═════ Supplied material

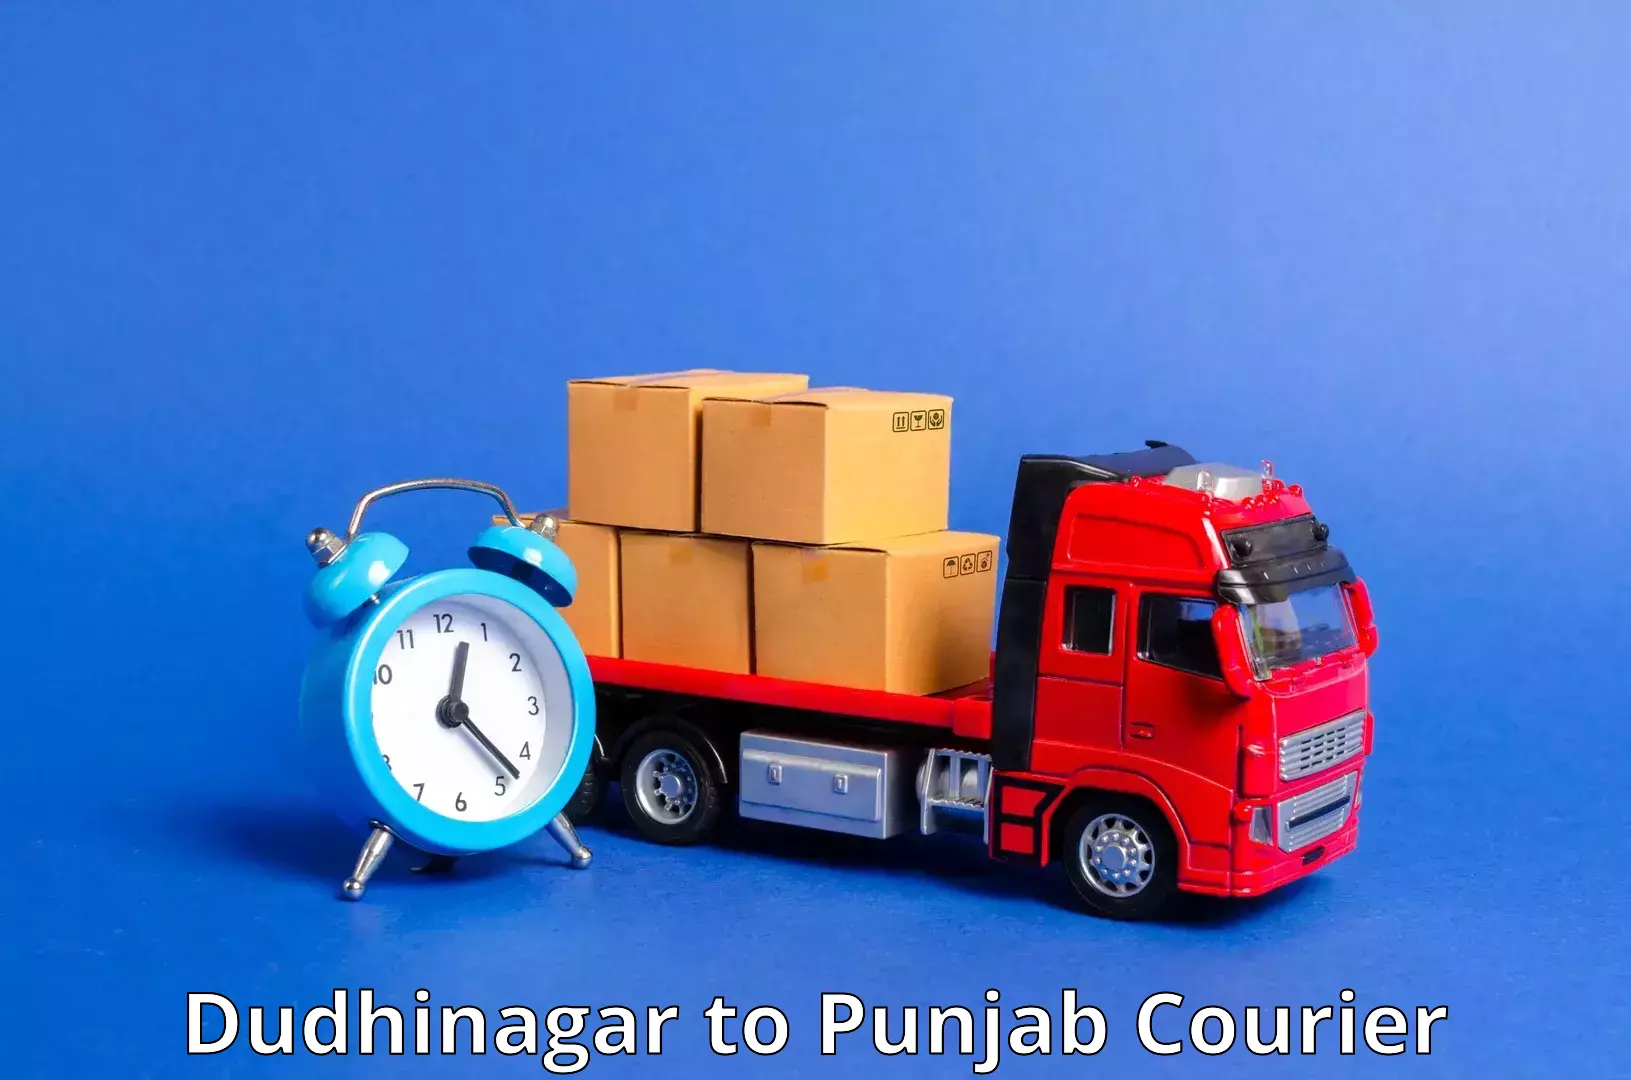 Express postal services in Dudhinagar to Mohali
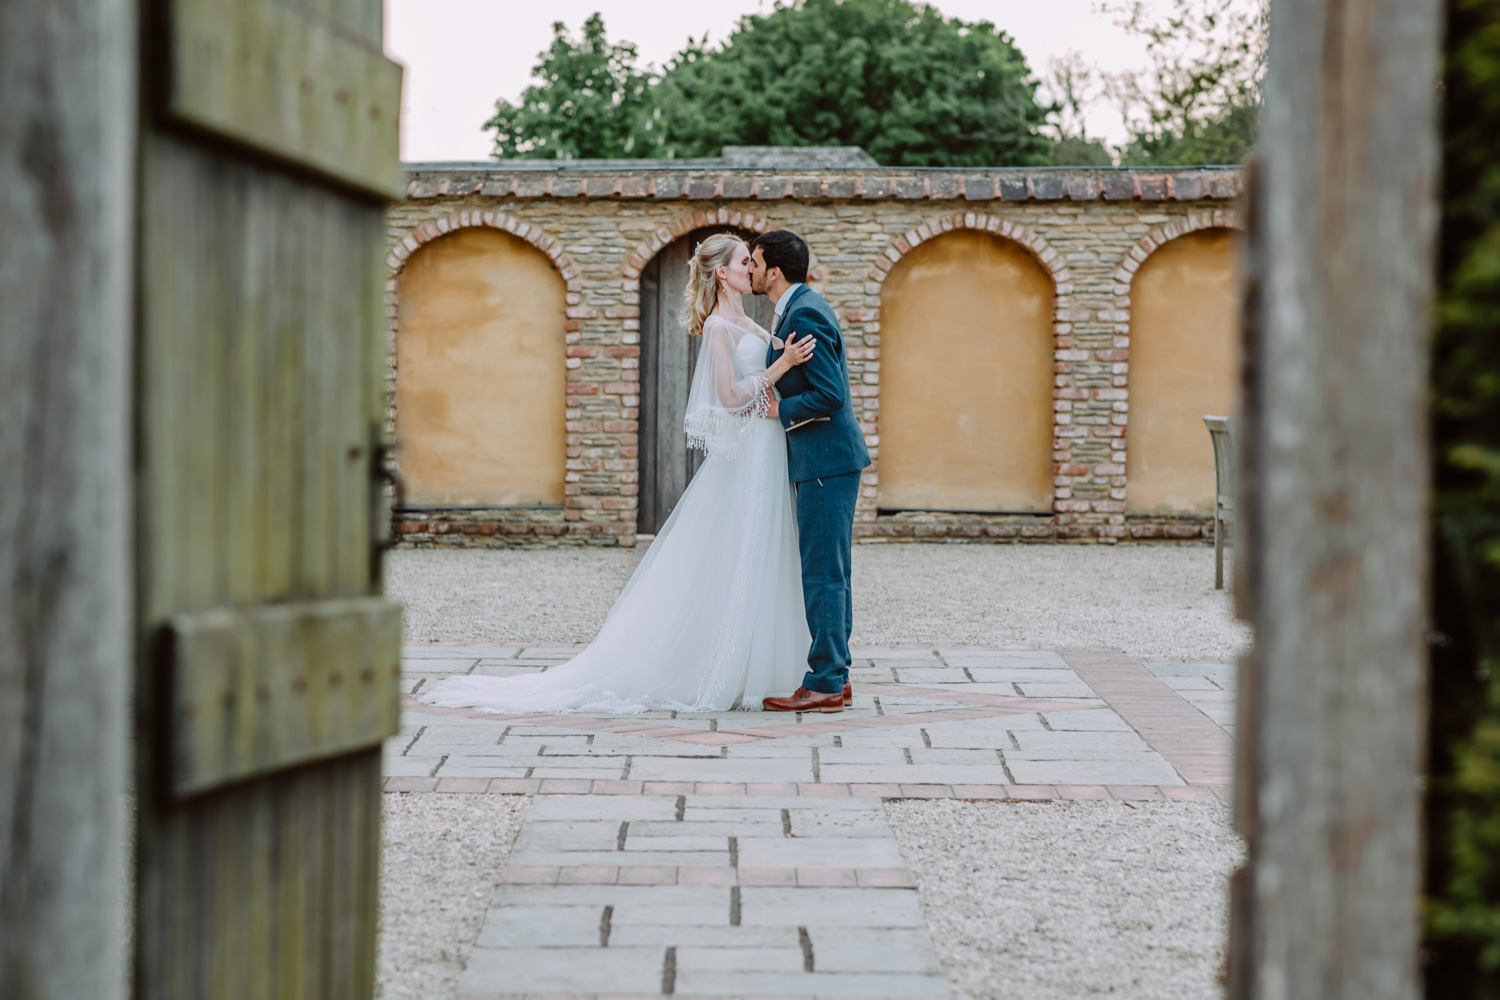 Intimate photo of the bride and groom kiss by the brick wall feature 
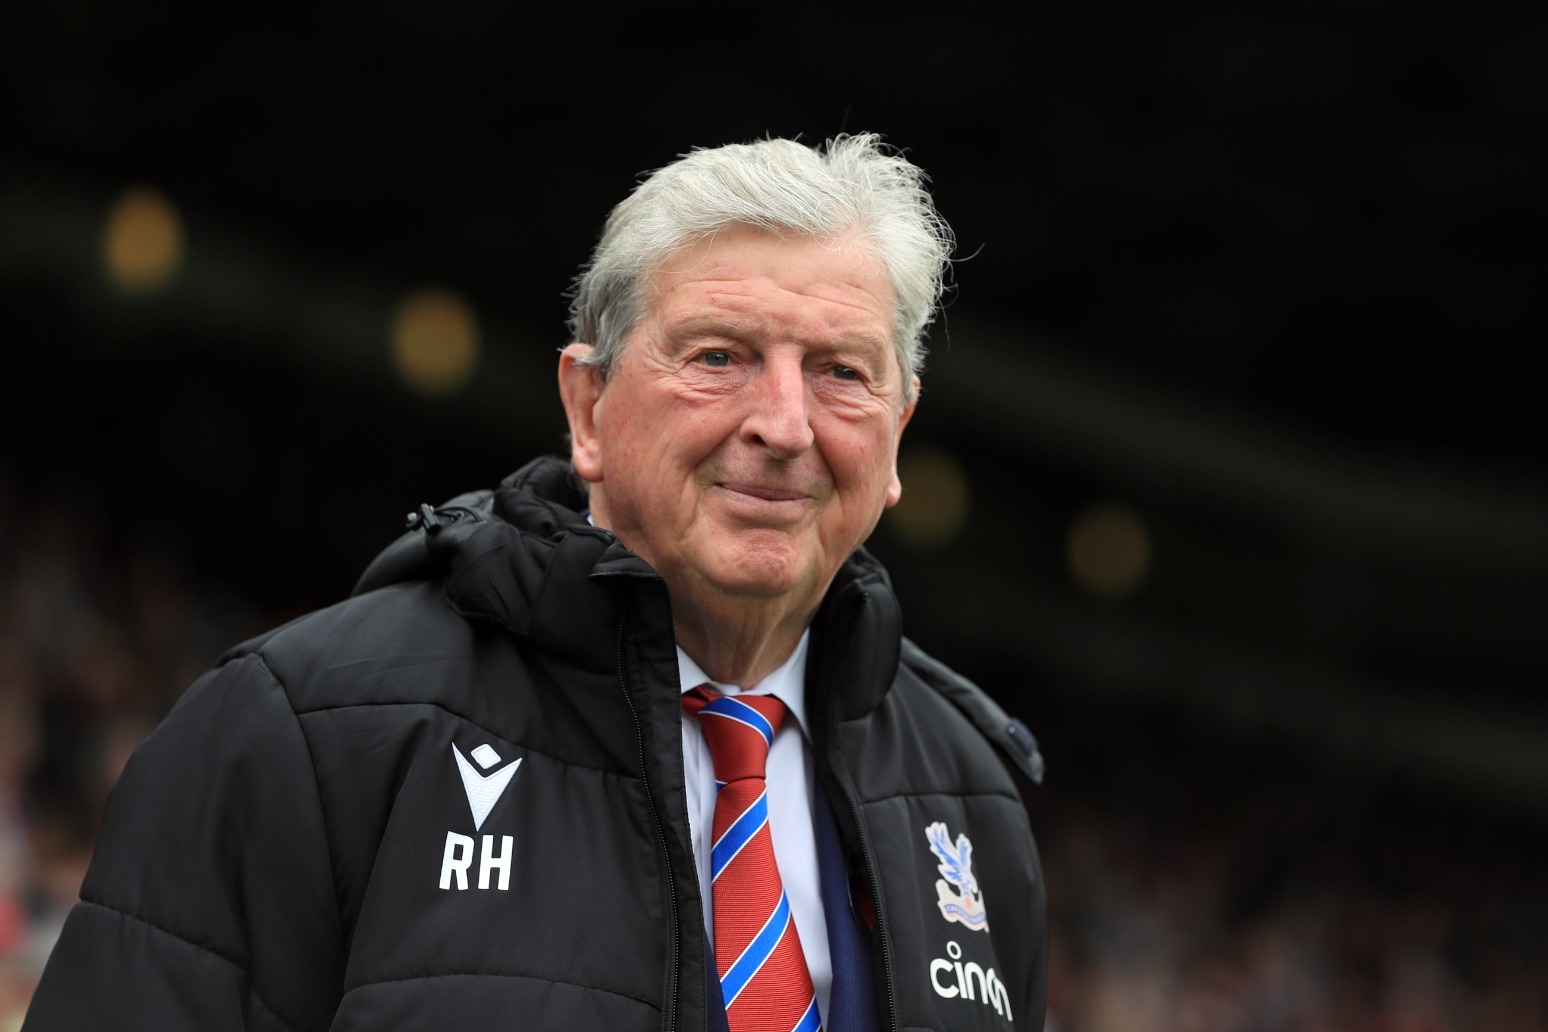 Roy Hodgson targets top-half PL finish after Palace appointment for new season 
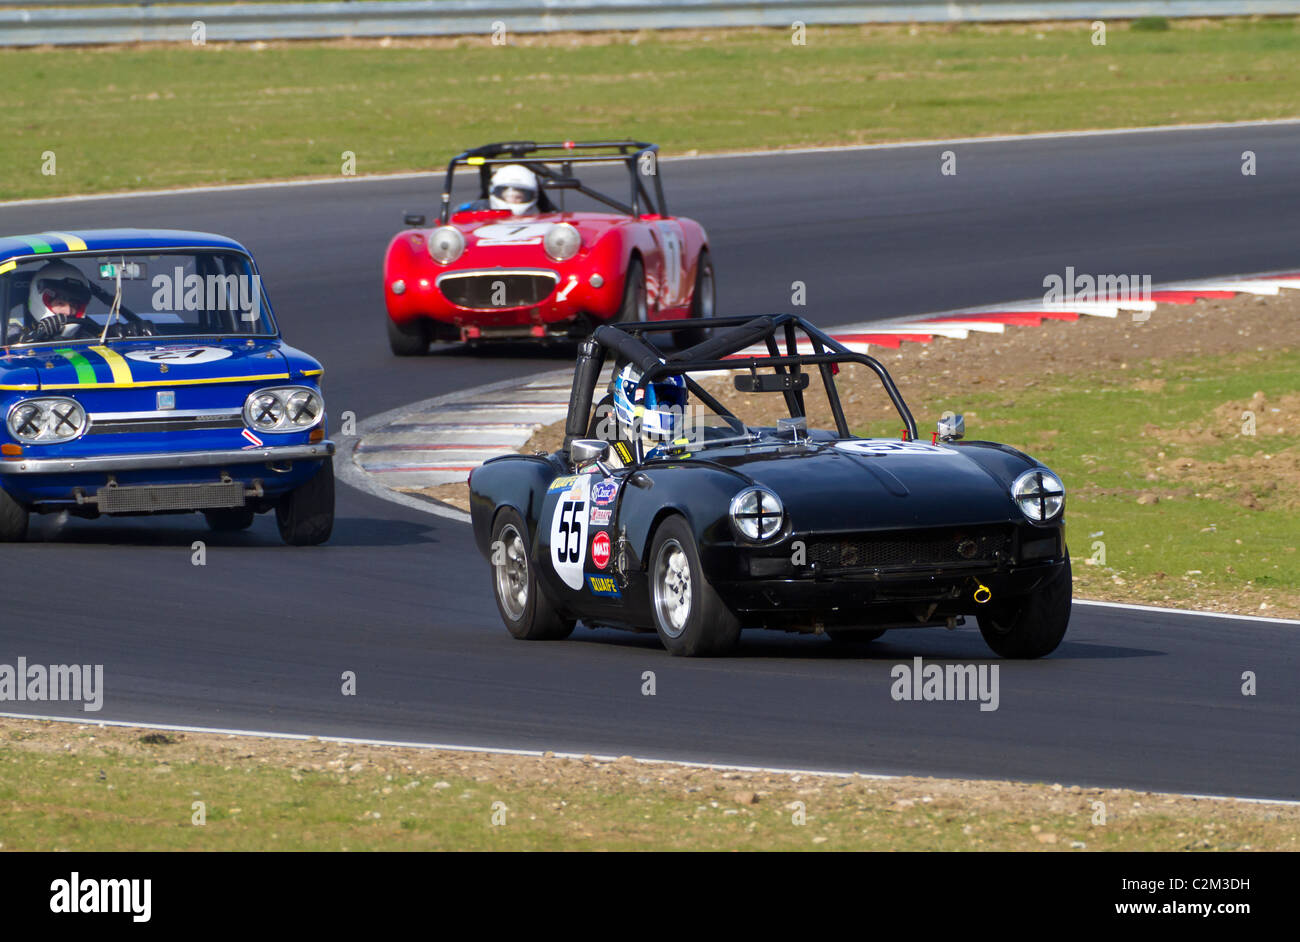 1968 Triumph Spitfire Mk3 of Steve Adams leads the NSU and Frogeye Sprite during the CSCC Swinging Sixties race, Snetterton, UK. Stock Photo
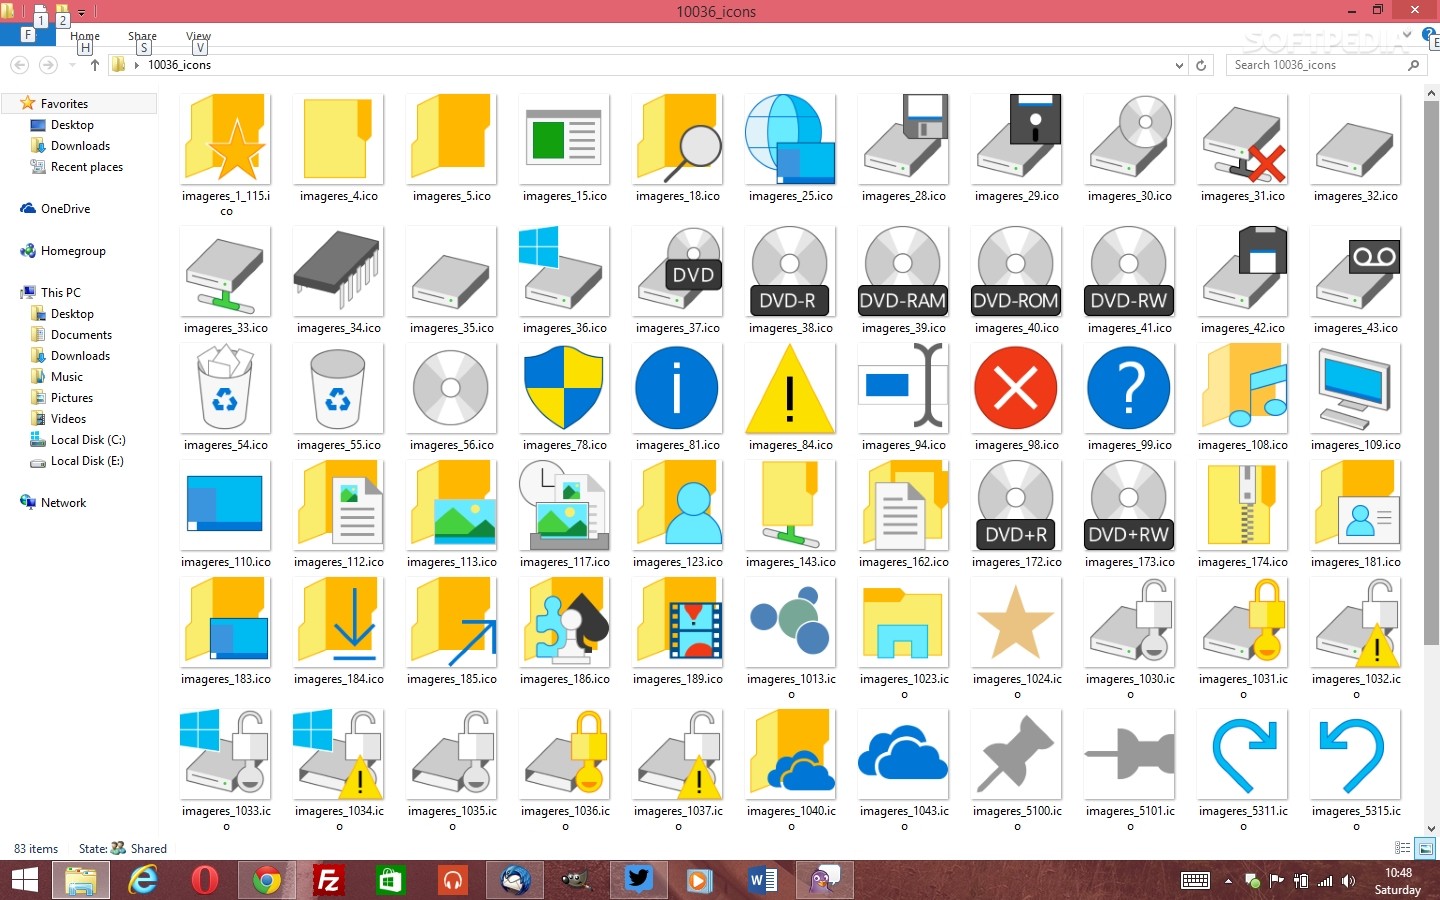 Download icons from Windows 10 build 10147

══════════

Problem statement —
Could you set down verbatim the lines from the beginning of the entries above through the line containing "Roy Hodgson targets", both included, leaving out the pictures?

Response below —
 Express postal services in Dudhinagar to Mohali
 Intimate photo of the bride and groom kiss by the brick wall feature 
 Roy Hodgson targets top-half PL finish after Palace appointment for new season 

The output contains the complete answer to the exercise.